This Tutorial will walk through using Hadoop’s Hive to access data stored in HDFS.  This is the first tutorial (more to follow) and covers installing Hadoop as part of BigSQL and running some simple queries.

The Platform:  Linux (RHEL, CentOS or Ubuntu) or Mac OSX.  The Hadoop and Postgres Install was from www.BigSQL.org.  Takes about 10 – 15 minutes to install the developer bundle and get up and running.  ( dont skip the pre-requisites  ).

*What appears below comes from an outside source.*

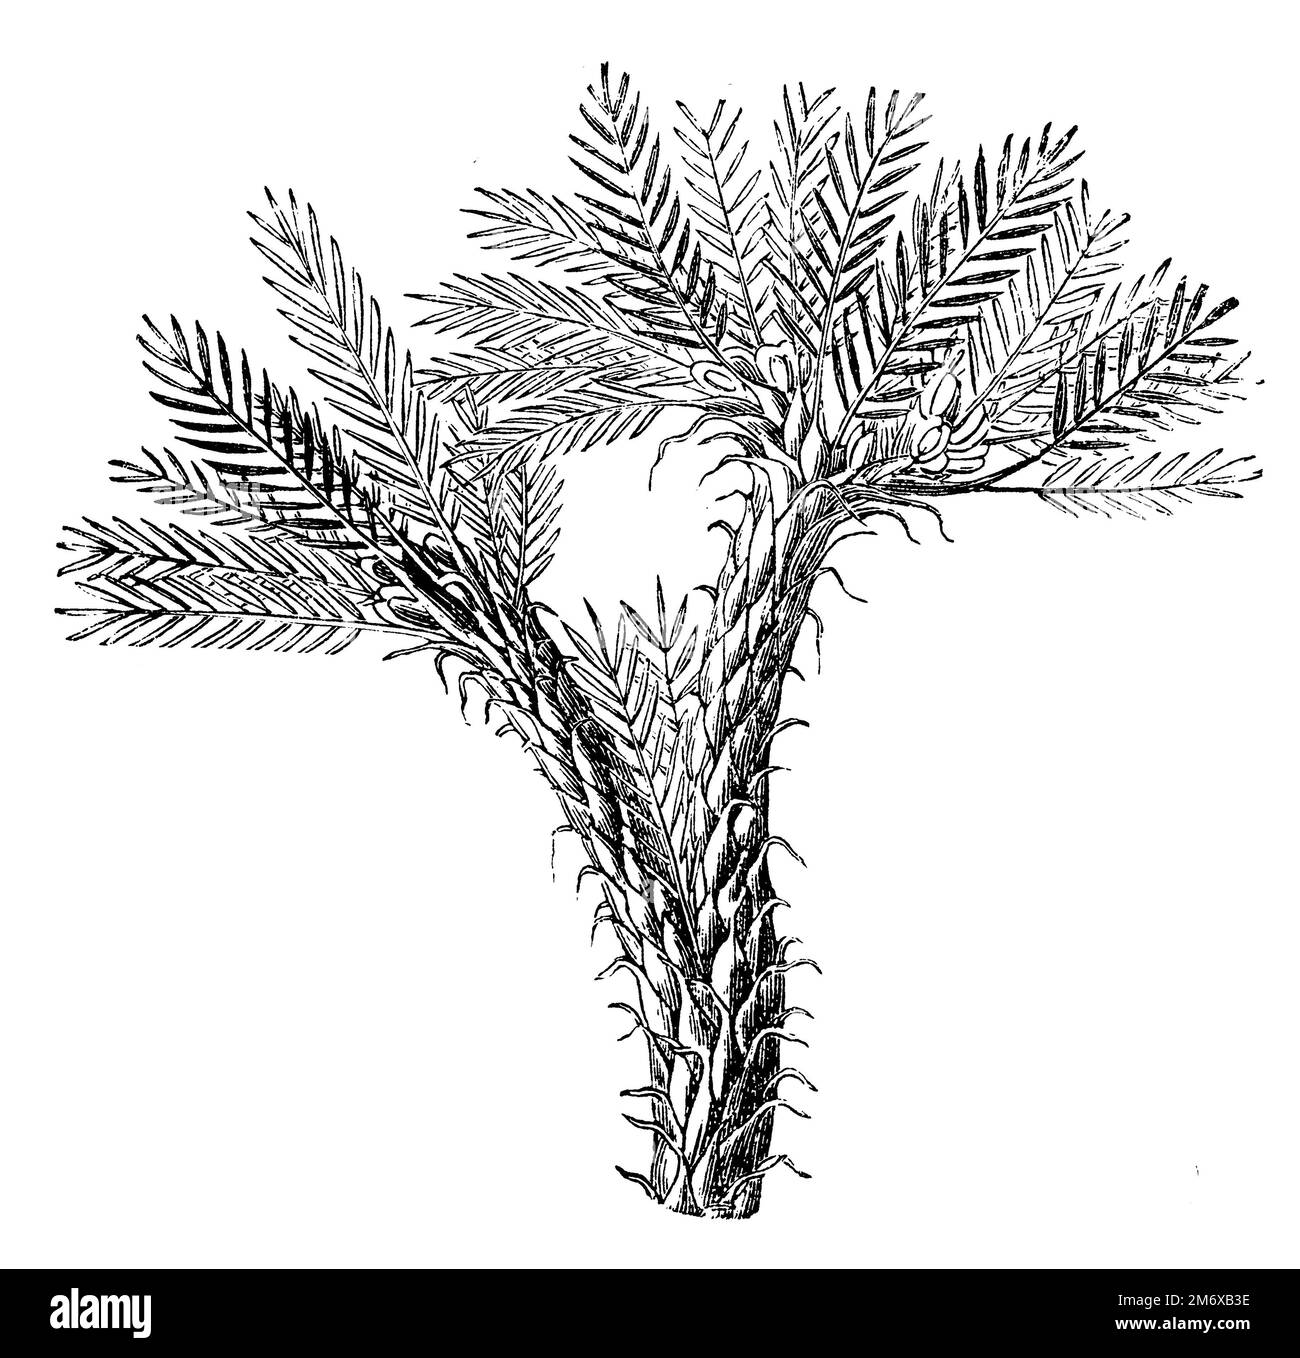 tragacanth, gum tragacanth milkvetch, Astragalus gummifer,  (encyclopedia, 1891), Astragalus gummifer, Traganthpflanze, gomme adragante Stock Photo

The Data: The original source data is from the NYC finance department and contains Rolling Sales files for the last 12 months in New York City.   The data for Manhattan was used in the tutorial.   A slightly cleaned file that can be used for the tutorial is available below.

Let’s get started!

  • If you have not previously installed bigsql,  download the bundle and tar the file.  Make sure to use the exact filename downloaded:

tar -xf bigsql-9.3xxx-linux64.tar.bz2

  • navigate to the home directory of your BigSQL install.  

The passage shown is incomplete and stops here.